Jackie Curtis (1947-1985) was a “Warhol superstar,” a playwright, poet, cabaret singer and theater director. Born John Holder Curtis Jr., he invented the “glam rock” look of wearing glitter around his eyes and retro thrift-shop female fashions. His companion, Ritta Redd, was not a celebrity although he appeared in several films with Curtis. In an exhibition catalog essay for the Philadelphia Museum of Art, Richard Flood offers an amusing description of this painting using classic literary characters and real life analogies. “Huddled together like Hansel and Gretel in the presence of the witch,” Flood writes, “these two boys with transgendered dreams sit as if awaiting a court verdict.” Using other well-known tropes, Flood unpacks the subjects’ identities, “Jackie’s shoulder pads hint at an idealized Hollywood pantheon of femme fatales… Redd is a little more complicated. Part Tom Sawyer and part Little Lord Fauntleroy, he is the personification of knowing innocence.
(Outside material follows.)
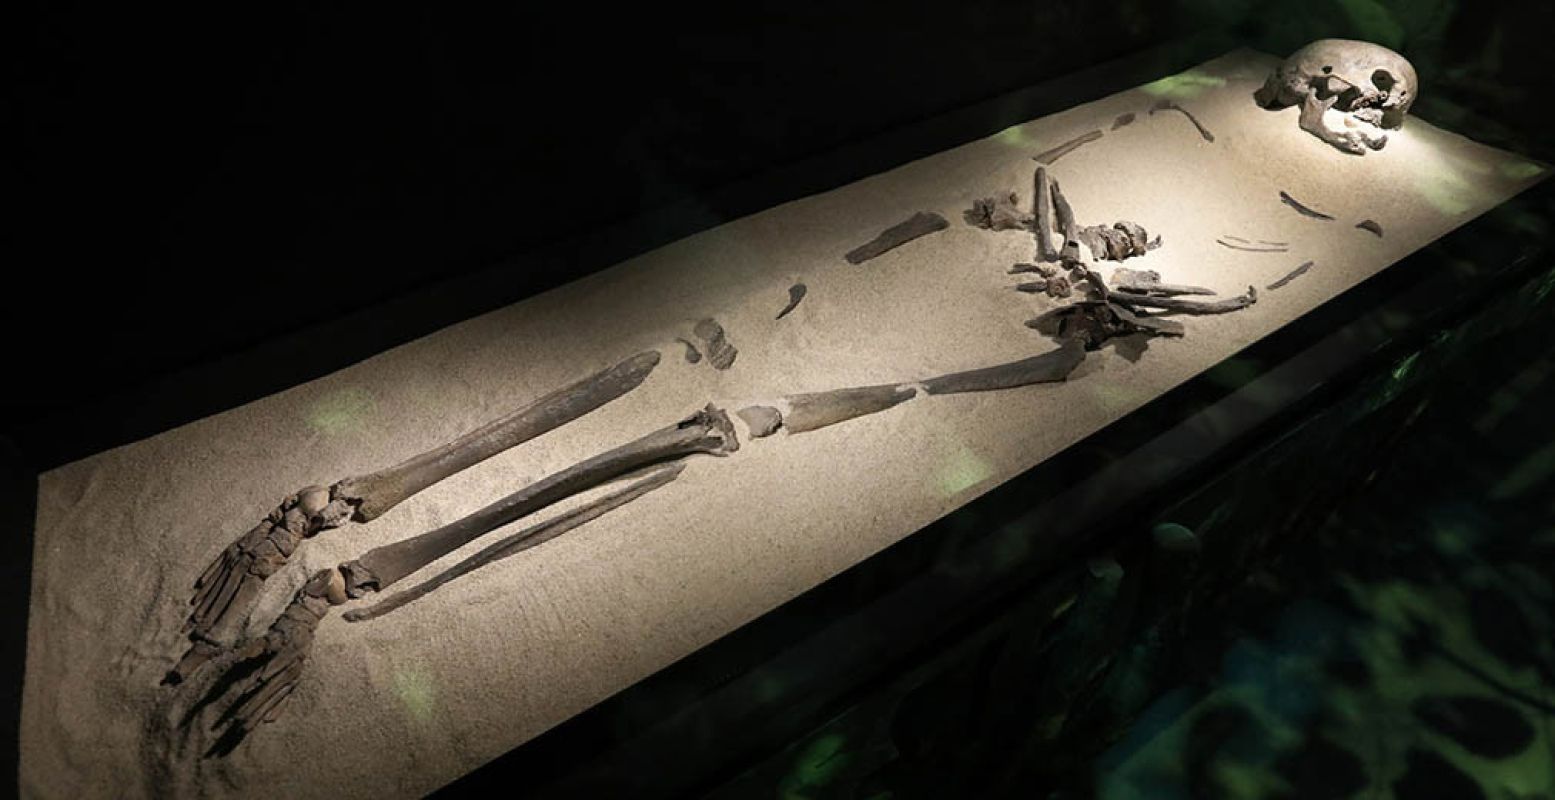 Het skelet van Trijntje, de oudste mens van Nederland - ze komt uit 5500 voor Christus. Foto: Nederlands Openluchtmuseum.

Even his awkwardly introverted feet seem oddly available to the advance of Jackie’s insinuatingly positioned right foot, with its open-toed high heel and torn black stocking revealing a curiously aggressive big toe.” In addition to being witty, these comparisons allow us to understand Curtis and Redd in a greater context as characters as well as individuals, as was characteristic of Neel’s work. Flood sums this up by writing, “It is one of those wonderful pictures by Neel that somehow gets much bigger than the subject ostensibly being portrayed.” Thus this portrait of two men dressed in unusual outfits and positioned in dubious poses in fact highlights the loftier questions of gender, sexuality and social roles.
... As de Beauvoir argued, “the body is not a thing, it is a situation.” In viewing Jackie Curtis and Rita Redd, one can see how Neel was of the same opinion. This painting plays with the way people negotiate gender and androgyny but does not go further to suggest a winner, but it does only that. What it does not do is prescribe how each sex ought to act, dress or negotiate power. In this respect, Neel allowed her subjects to be who they are. In the same way that Neel brought pregnant women into the public eye through works such as Margaret Evans Pregnant, Neel captured the experiences of marginalized people such as transvestites and carried them into the realm of high art. Remarkably, on November 11, 2009, this painting was sold at Sotheby’s Contemporary Art Evening Sale for $165,500,000, three times its highest estimate. This staggering price is evidence of today’s appreciation for Neel’s innovative and daring choices for what constituted art and worthy of being painted.